In it, explorer and army colonel Allen Forrester recounts tales from beyond the edge of the known world, full of mysterious creatures, unknowable people and brutal landscapes. Meanwhile, his wife Sophie is challenging frontiers and railing against the boundaries of life as a Victorian woman. As ‘‘big’’ as Forrester’s world is, his wife’s is equally fascinating and their interwoven tales come together in a surprisingly tender love story.
While Ivey’s human characters are fascinating and beautifully drawn, by far the biggest character in this, her second novel, is Alaska itself. With her words, she draws the state’s vast landscape and changing light deftly and effortlessly. The clarity with which she describes the wilderness of the then newly acquired and uncharted territory is at times breathtaking. Through Forrester’s eyes we are introduced to a land that is both dangerous and beautiful in equal part, and that can change in an instant.

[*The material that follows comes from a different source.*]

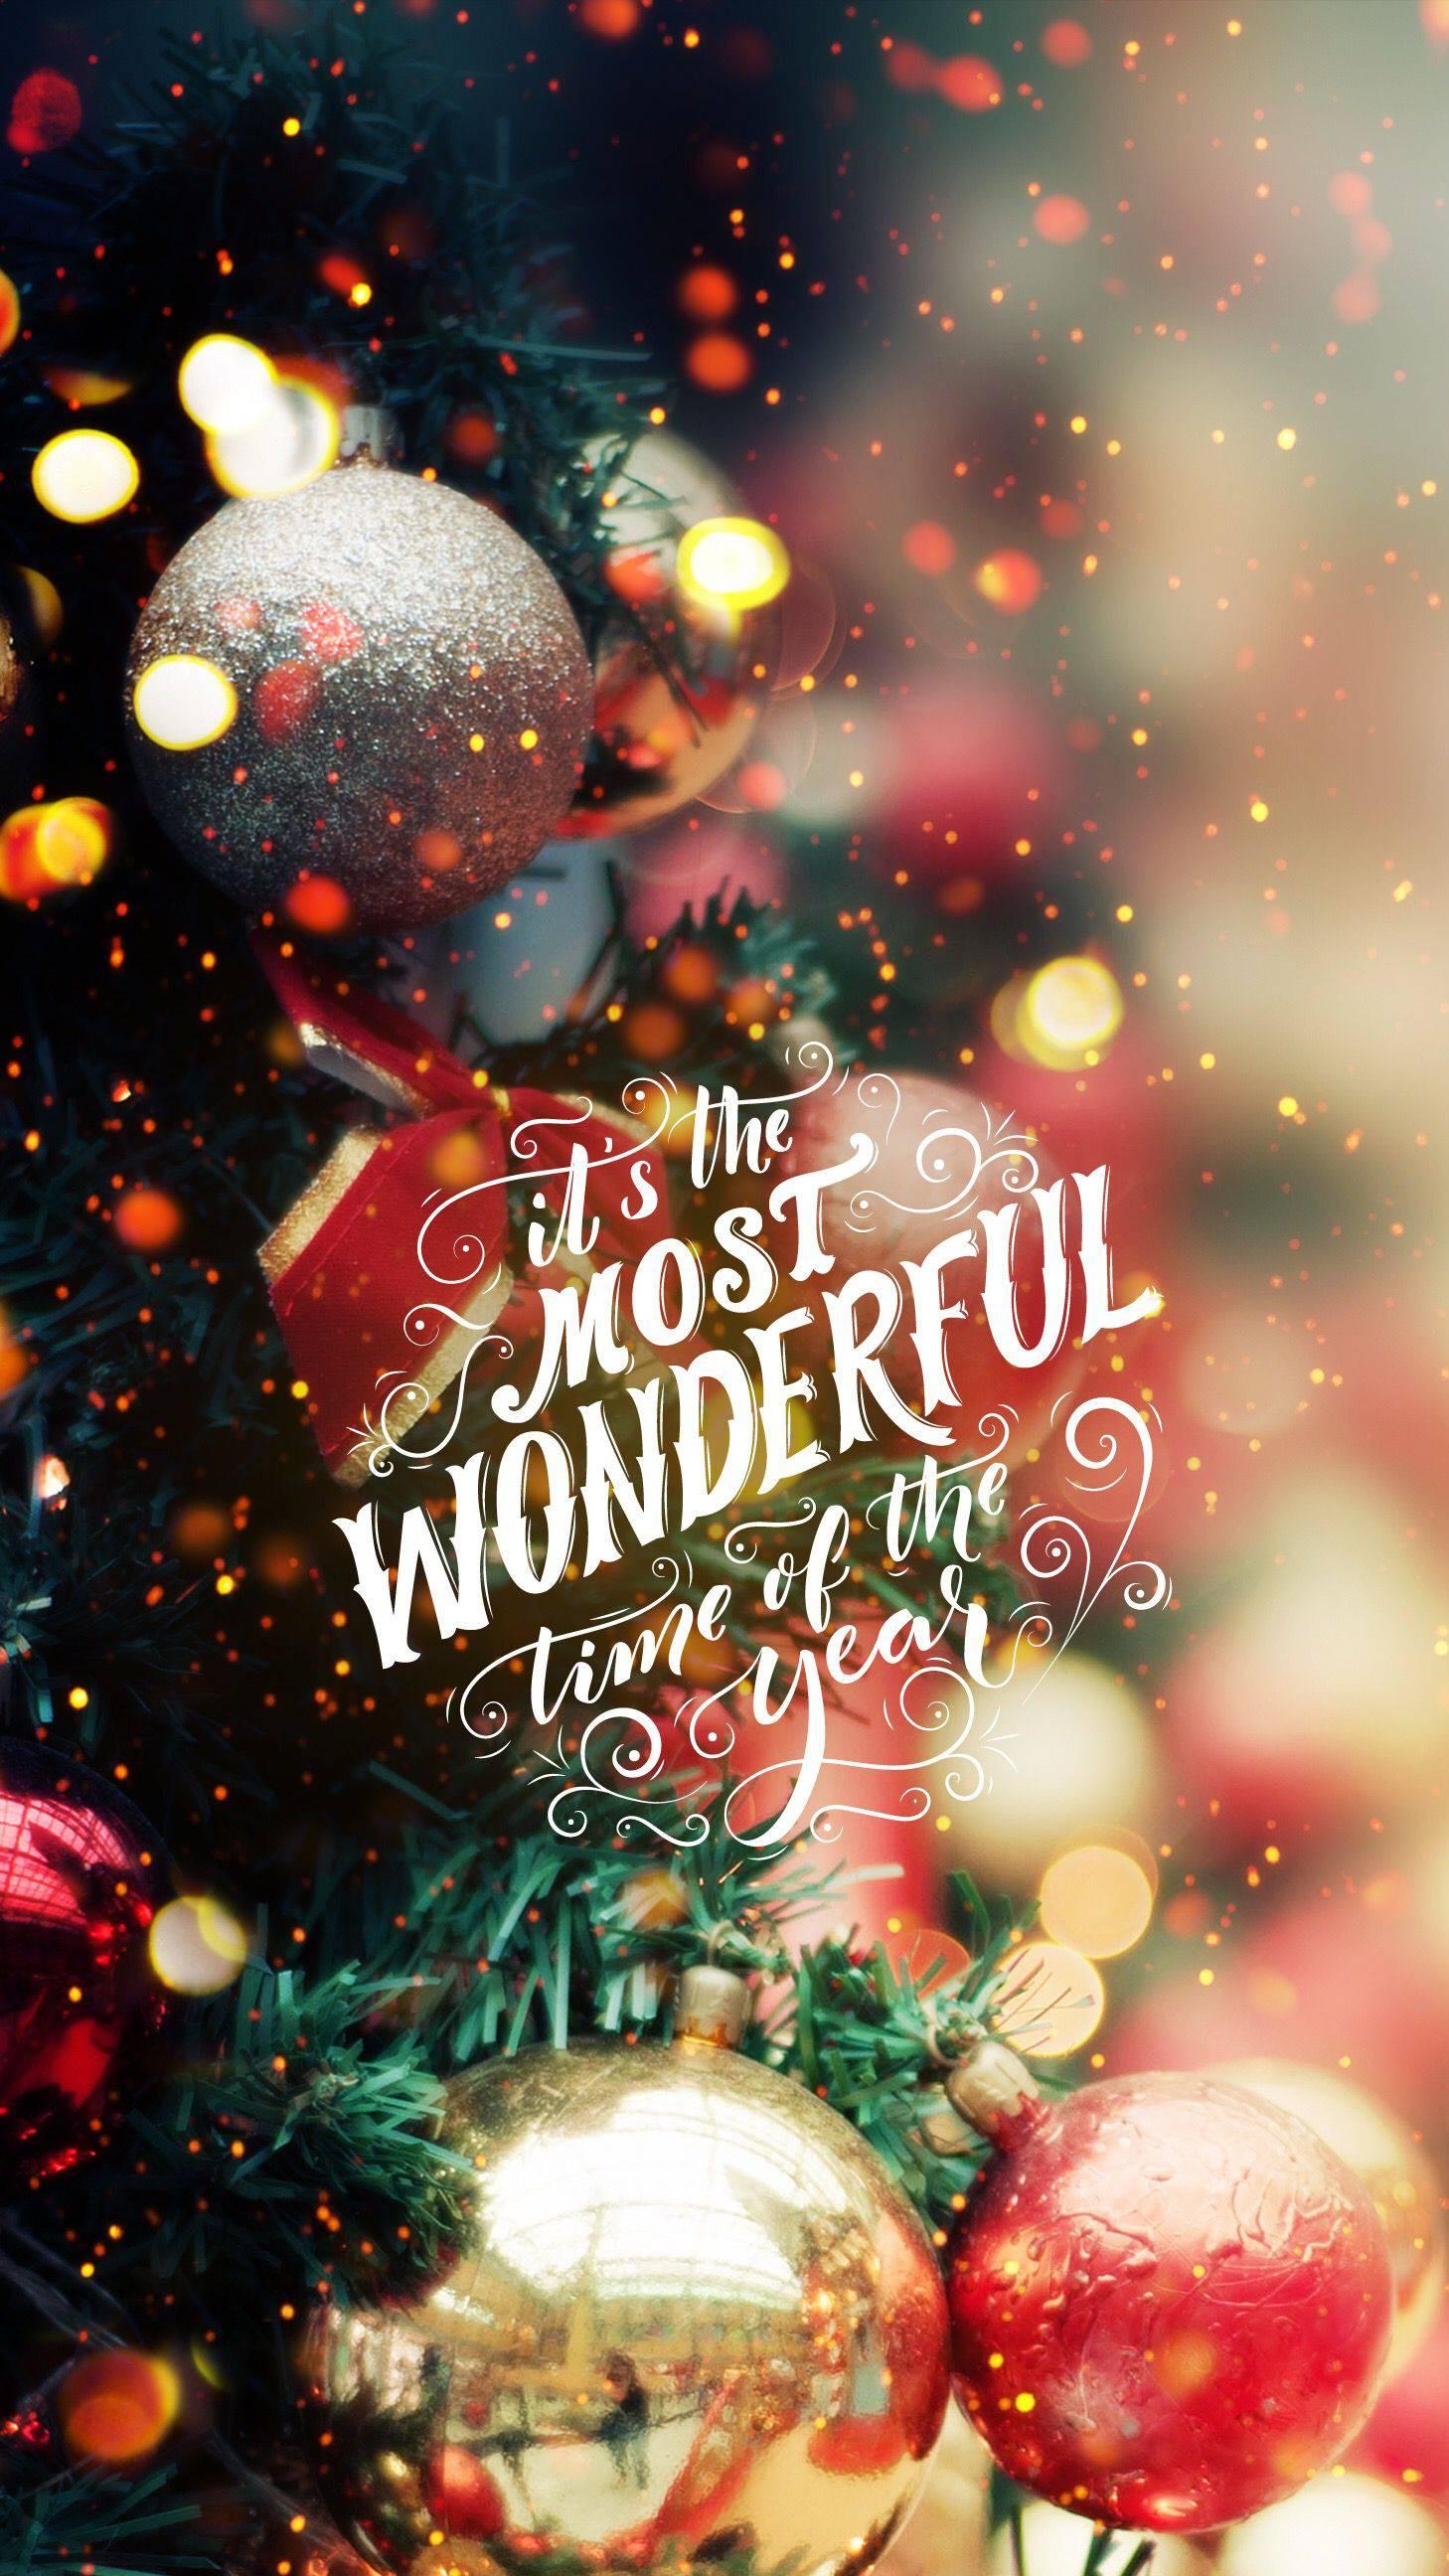 Wonderful Christmas iPhone Wallpaper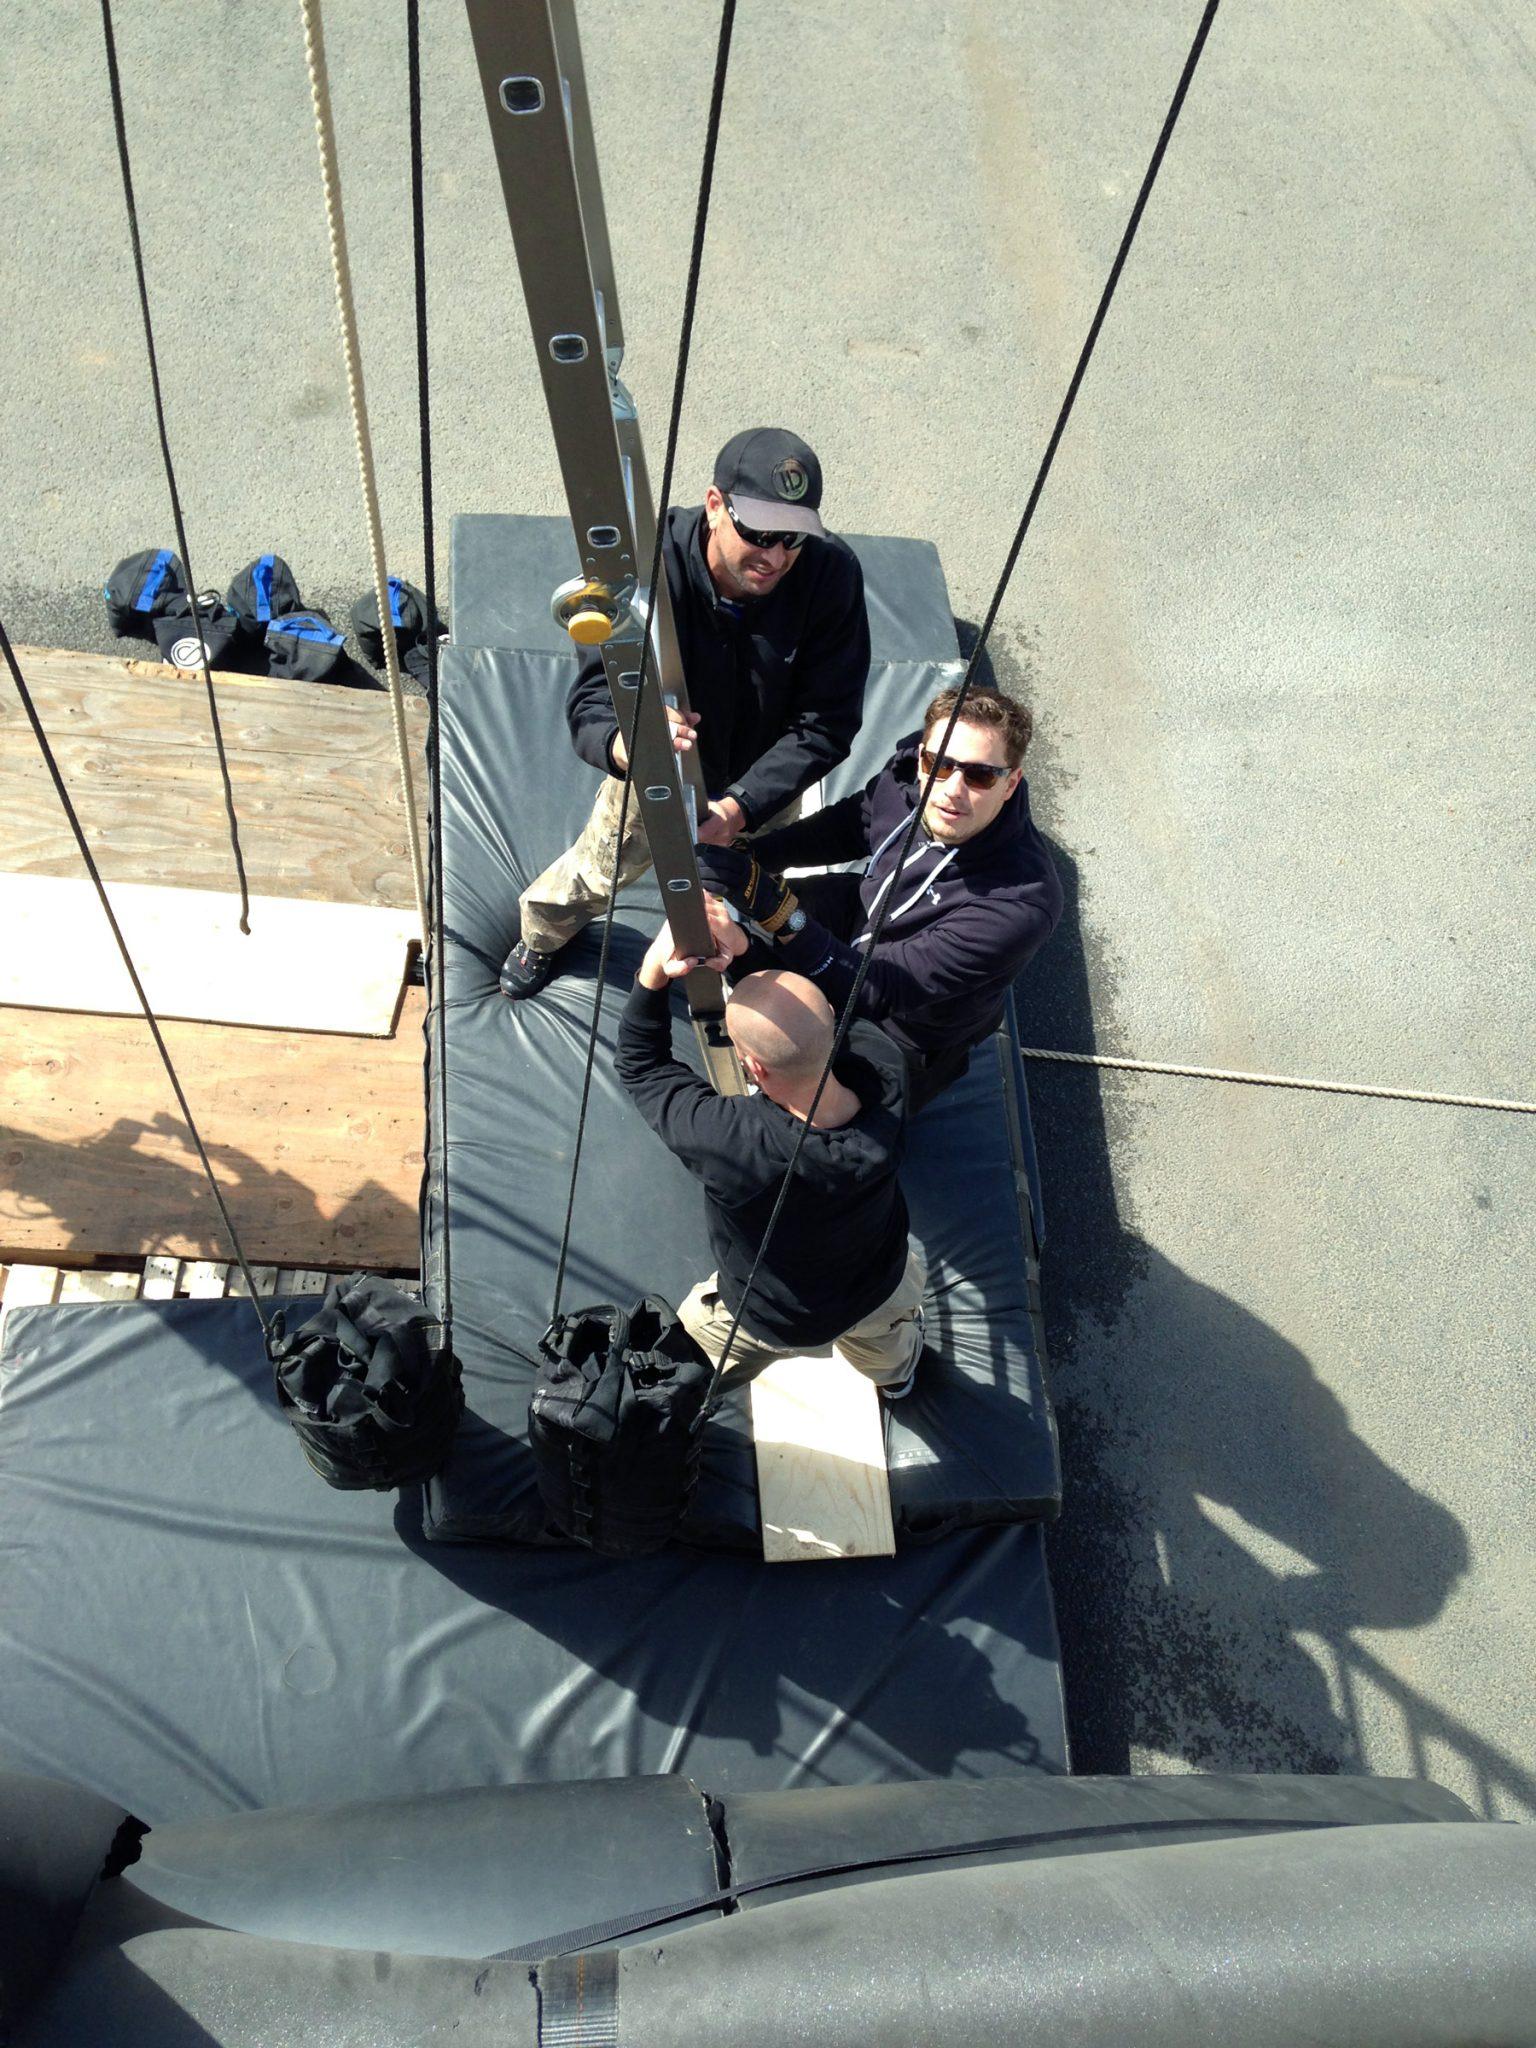 MG-Action, Martin Goeres, Stunt, Rigging, Safety, London, utility Stunt

Another real strength of this book is the way that it depicts the lives of the native Alaskan people – through Forrester’s diaries, Ivey tells a story quite different from that which the colonel recounts in his army reports. The merging of myth and legend with a Eurocentric view of the world is handled sensitively and smartly.
The tension between the two worlds is perhaps best summed up in a letter written by a modern-day curator reviewing the colonel’s papers: ‘‘It’s a paradox, though. Where can we go to learn about Alaska’s people, how they lived and worshipped and dressed before living memory? The explorers are witnesses to the before. The Colonel’s diaries, like the writings of Meriwether Lewis and Captain Cook, are a kind of cursed treasure.’’
While these men’s diaries may be a kind of cursed treasure, To the Bright
Edge of the World is far from cursed. It is a bright, shining gem of a book that is a real testament to Ivey’s skill as both writer and researcher.